All production facilities will experience downtime sometime during production, where the facility will fail to operate within safe limits. The root causes or reasons behind this is either technical, operational, or organizational.
Can downtime be avoided by the control room operator with the use of new digital solutions?
Let us compare the operator in a control room to a formula one race car driver. The overall performance will be dependent on both the technical solutions in the car, how well the support team is organized, and how well the driver operates (drives) the car. Today, we see lots of new safety features in a car assisting the driver. Similarly, digitalization can provide information assisting both the control room operator and the operational support team.
How much trouble does the lack of situational awareness cause?
The Abnormal Situation Management Consortium with members from e.g. BP, Total, ConocoPhillips, ExxonMobil, Shell, Sasol, and Honeywell, have completed some interesting studies showing how industrial plants will lose 3-8 % of production due to unplanned upsets.
Additionally, 50% of unplanned upsets occur due to a lack of situational awareness. 90% of these events are preventable. The sources of these abnormal events are illustrated in figure 1 below.
Past attempts to help the operator
So, what helping tools have we provided the operator with to understand the situations?
A typical control room operator will have around 3-400 process graphics and 30-40 000 configured alarms to assist them with the decision on how to respond to a plant upset.
Typical user control room operator HMI
With more information through IoT (Internet of Things) and digitalization initiatives, we must ensure that the added information and algorithms do not add more complexity to the situation.
Past attempts have improved the physical design of the control room environment to ensure that the working conditions are satisfactory. IFE, Halden has done a lot of work in this area and supplied extensive design tools, such as HVRC, to facilitate the iterative design process according to Human Factor Engineering standards, such as ISO 11064. Managing and optimizing the alarm systems is also a valuable contribution to ensure that control room operators are not overloaded.
Is digitalization really helpful?
We currently have a new set of tools within digitalization, covering IoT, where we can add plenty of additional sensors and get more information from each existing sensor through communication protocols. Data analytics or “Big Data” can be used for creating new advanced analytic algorithms, which provides better insight. The concept of machine learning from these huge amounts of data should enable us to better understand the situation and to improve situational awareness. Some people even suggest replacing the control room operator with Artificial Intelligence (AI). However, they might not have a complete understanding of the challenges within AI. The HSE implications need to be considered more carefully and control room operators will still be needed in the future. Hopefully, we can develop new tools that will help the operator in becoming more efficient and improve the decisions made by giving them a better understanding of the information they receive, and not applying more information points.
The limitations of using Artificial Intelligence
There are a few limitations we need to understand when applying data science and machine learning.
Presenting the results of the data analytics and learning as a black box calculation will not build trust in the results.
We are still not close to replacing the human in the decision loop for complex assets, the results should be presented as decision support.
You will experience that the system suggests that something is faulty when it is not (known as a False positive) and that the system does not recognize anything when there is a fault (known as a False negative).
Engineering knowledge and feedback is needed. The people that know the facility best will be needed to assess how trustworthy the results are, and to provide a closed feedback loop to remove faulty suggestions.
The system will not be good at detecting first-of-a-kind incidents.
What to consider before applying new technologies
Several considerations need to be covered when introducing more digitalization in the control room or the process itself:
Information overload, reduce data points, and provide more information
Involve the user in the development. People do not believe in black box results.
Show the operator how the results have been obtained.

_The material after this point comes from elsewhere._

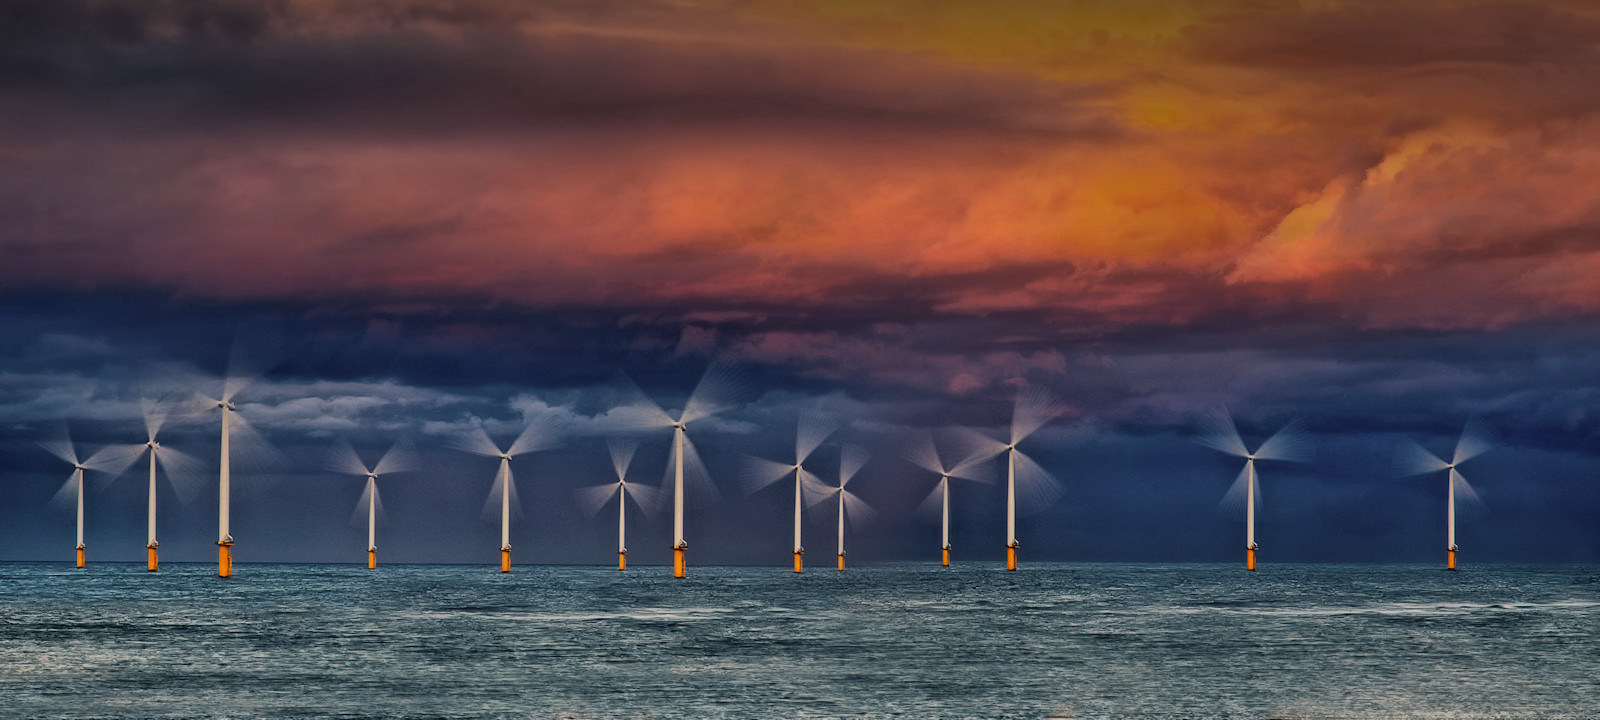 COLOUR - Storm Power by Joe Beattie (12 marks)

Do not trust the new technology blindly – machine learning will also learn how to make mistakes!
Use both explicit and tacit knowledge to verify results.

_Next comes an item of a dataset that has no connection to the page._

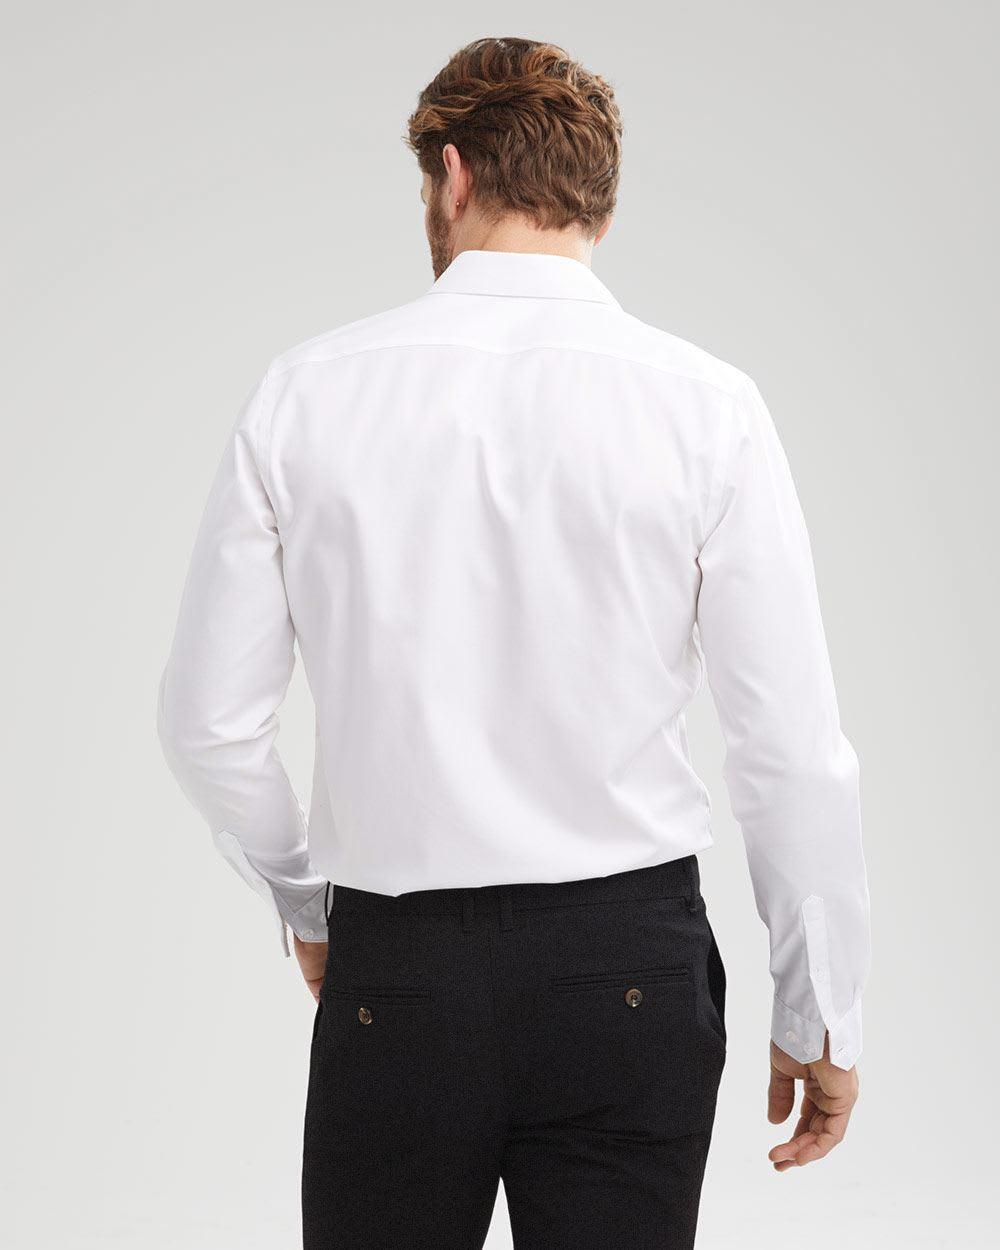 Tailored Fit Solid Dress Shirt Tall Rwco

We want to support the control room operator through the cognitive decision process (Yingxu Wang, 2007). This should involve two phases: analysis and action. The analysis is involved to notice deviations, understand the root cause, and predict further consequences. The action involves action planning based on available means and given objectives. Recommended reading for a better understanding of this topic is “Thinking Fast and Slow” by Daniel Khaneman (Farrar, Straus and Giroux, 2011).
Strong opinions with little to no facts
Humans often avoid the cognitive decision process, because it is unnatural for us. We are quick to make decisions based on little experience or facts. This thinking method is useful when driving a car, but can be dangerous in more complex, high-consequence situations, like operating offshore installations. The way you use your brain while working on a difficult mathematical assignment - that’s what we're looking for. Providing control room operators with a better understanding of the information given when a difficult and stressful incident occurs is crucial to ensure safety and reduce downtime. Maybe the answer to the difficult mathematical problem should be - why not give the operators a calculator?